(Beginning of Material for this exercise)

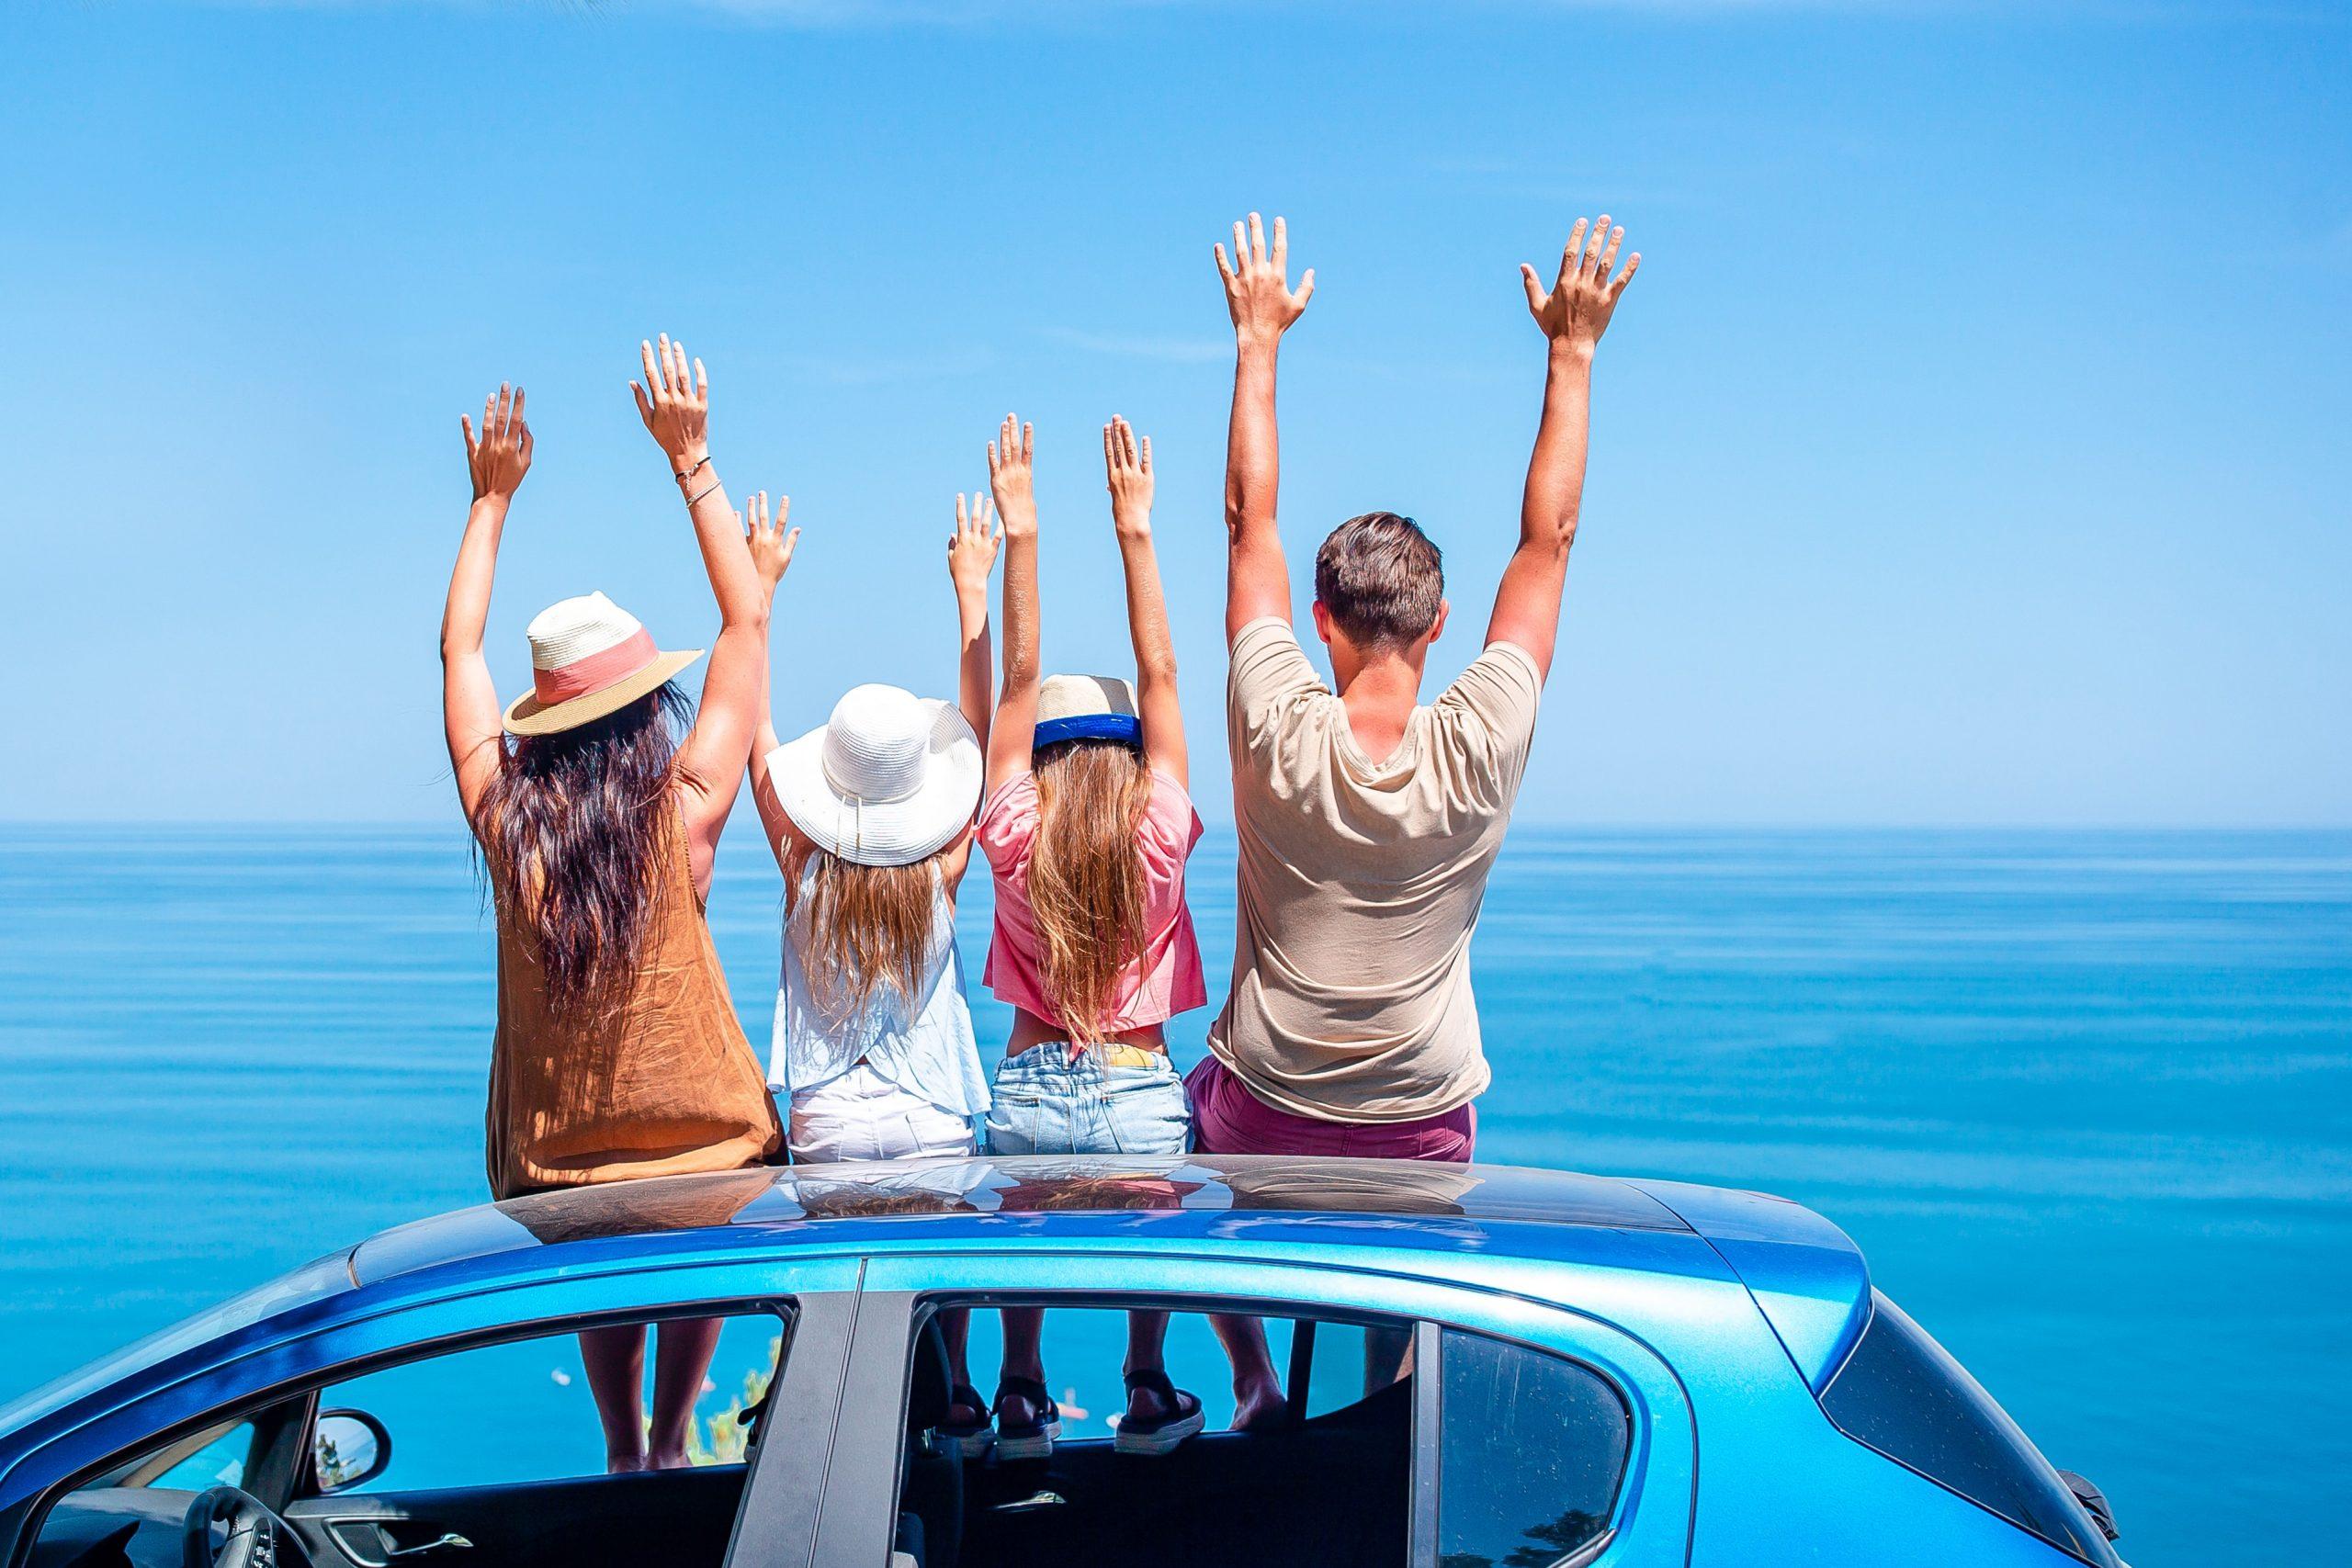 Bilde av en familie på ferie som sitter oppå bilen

(End of Material for this exercise)
(Beginning of Material for this exercise)

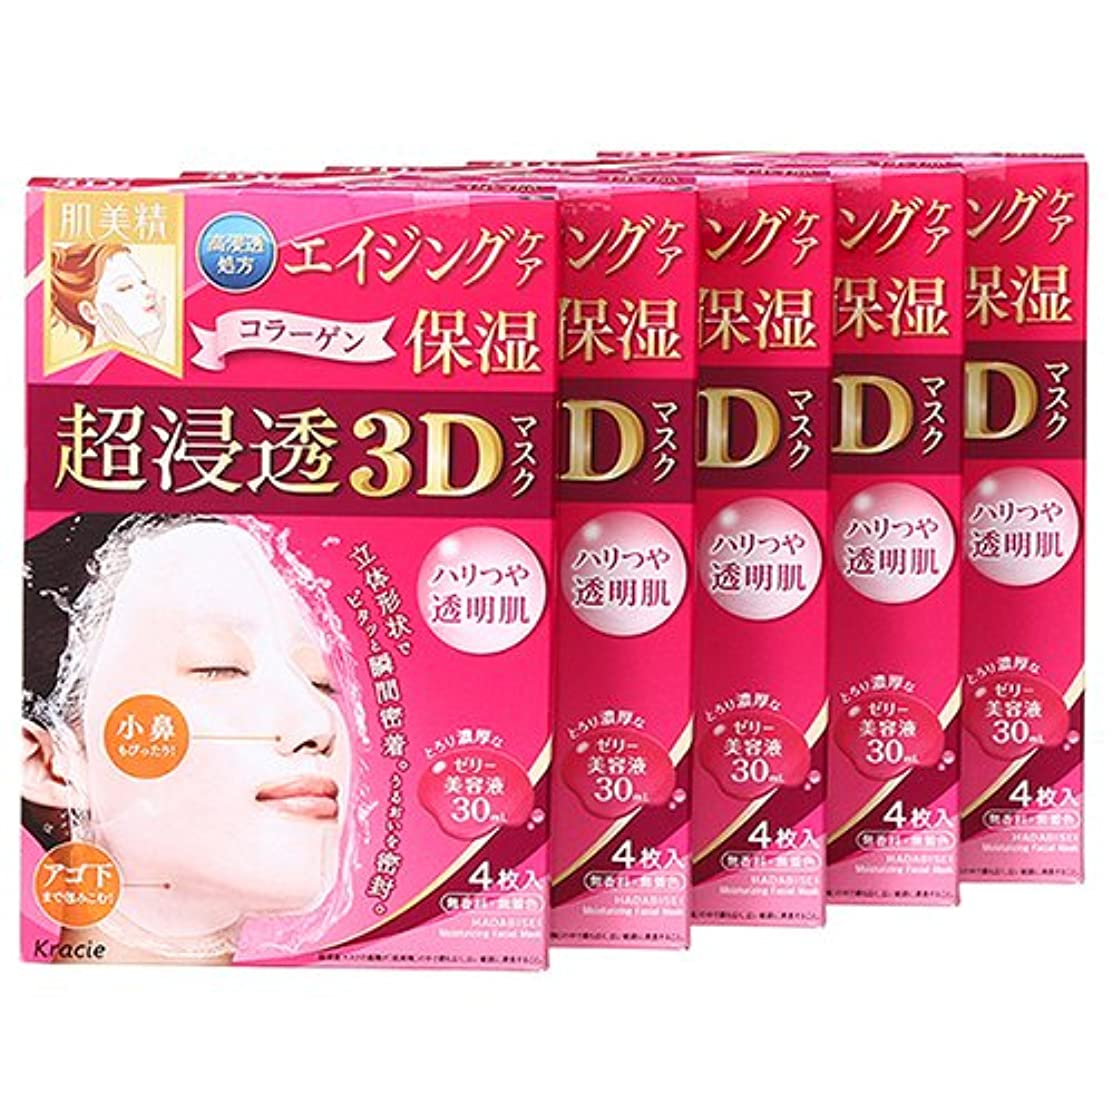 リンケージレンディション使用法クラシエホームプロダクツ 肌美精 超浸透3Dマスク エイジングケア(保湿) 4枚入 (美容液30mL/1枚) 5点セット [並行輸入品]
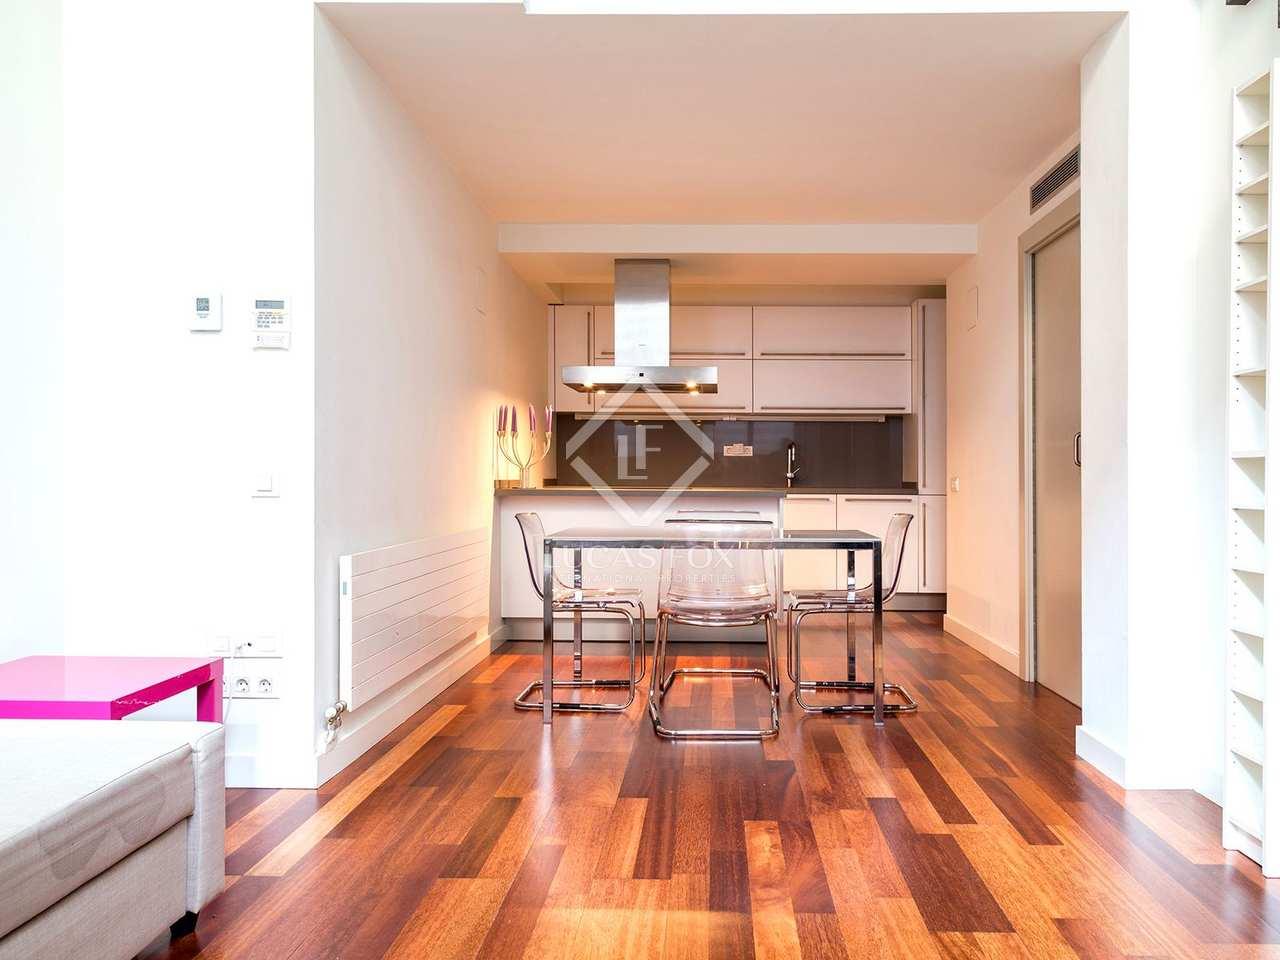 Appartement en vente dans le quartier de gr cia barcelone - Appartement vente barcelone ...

(End of Material for this exercise)

- _Task to carry out_:
Write back word for word every line in the entries above from the one with "リンケージレンディション使用法クラシエホームプロダクツ 肌美精 超浸透3Dマスク" to the one with "Appartement en vente", ends included, and none of the pictures.

- _Task result_:
 リンケージレンディション使用法クラシエホームプロダクツ 肌美精 超浸透3Dマスク エイジングケア(保湿) 4枚入 (美容液30mL/1枚) 5点セット [並行輸入品]
 Appartement en vente dans le quartier de gr cia barcelone - Appartement vente barcelone ...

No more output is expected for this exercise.